Mais, si excellent qu'il puisse être, tout prétexte invoqué pour introduire une nouveauté est essentiellement dangereux, «à ce point, que nous ne devrions jamais rien changer aux institutions de nos pères (Tite Live)»; et à dire franchement, il me semble que c'est avoir un extrême amour-propre et beaucoup de présomption que d'estimer ses opinions, au point d'aller, pour les faire triompher, jusqu'à, dans son propre pays, renverser la paix publique, donner accès à tant de maux inévitables, à la corruption des mœurs si profonde qu'entraînent les guerres civiles, sans préjudice des bouleversements d'importance capitale que cela peut amener dans les pouvoirs publics.

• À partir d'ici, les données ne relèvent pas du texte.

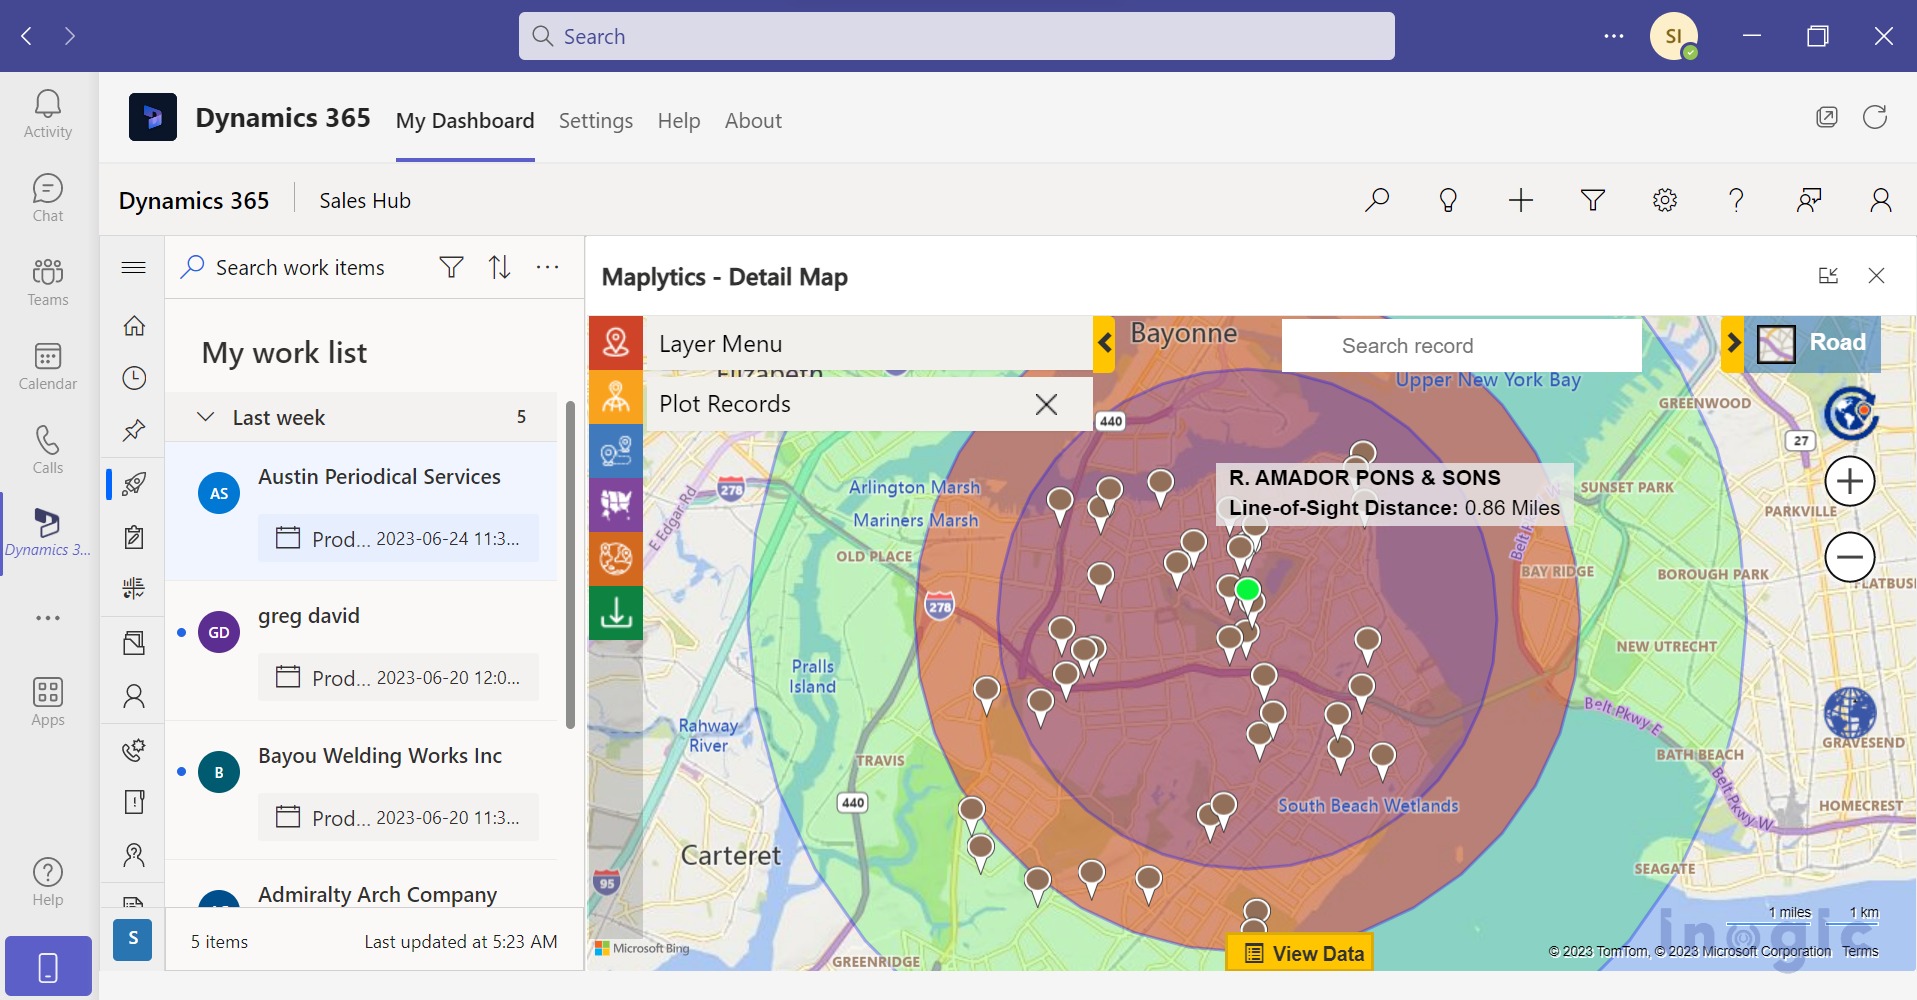 Dynamics 365 App and Maps integrated with Teams

N'est-ce pas mal calculer, que de s'exposer à tant de malheurs certains et connus, pour combattre des erreurs contestées et discutables; et de tous les attentats dont nous pouvons être victimes, en est-il de pire que ceux qui vont à l'encontre de nos consciences et d'un ordre de choses établi et reconnu?—Le sénat romain, en discussion avec le peuple, sur le point de savoir à qui appartiendrait l'exercice du culte, n'hésita pas à tourner la difficulté, en répondant «que cela intéressait les dieux plus qu'eux-mêmes, et qu'ils sauraient bien en empêcher toute profanation (Tite Live)»: réponse analogue à celle que l'oracle de Delphes, à l'époque des guerres médiques, lorsqu'on craignait l'invasion des Perses, fit à ceux qui demandaient au dieu ce qu'il fallait faire du trésor sacré de son temple, le cacher ou l'emporter, et auxquels il répondit de laisser les choses en l'état, de ne songer qu'à eux-mêmes, qu'il était suffisamment capable de pourvoir lui-même à ses propres affaires.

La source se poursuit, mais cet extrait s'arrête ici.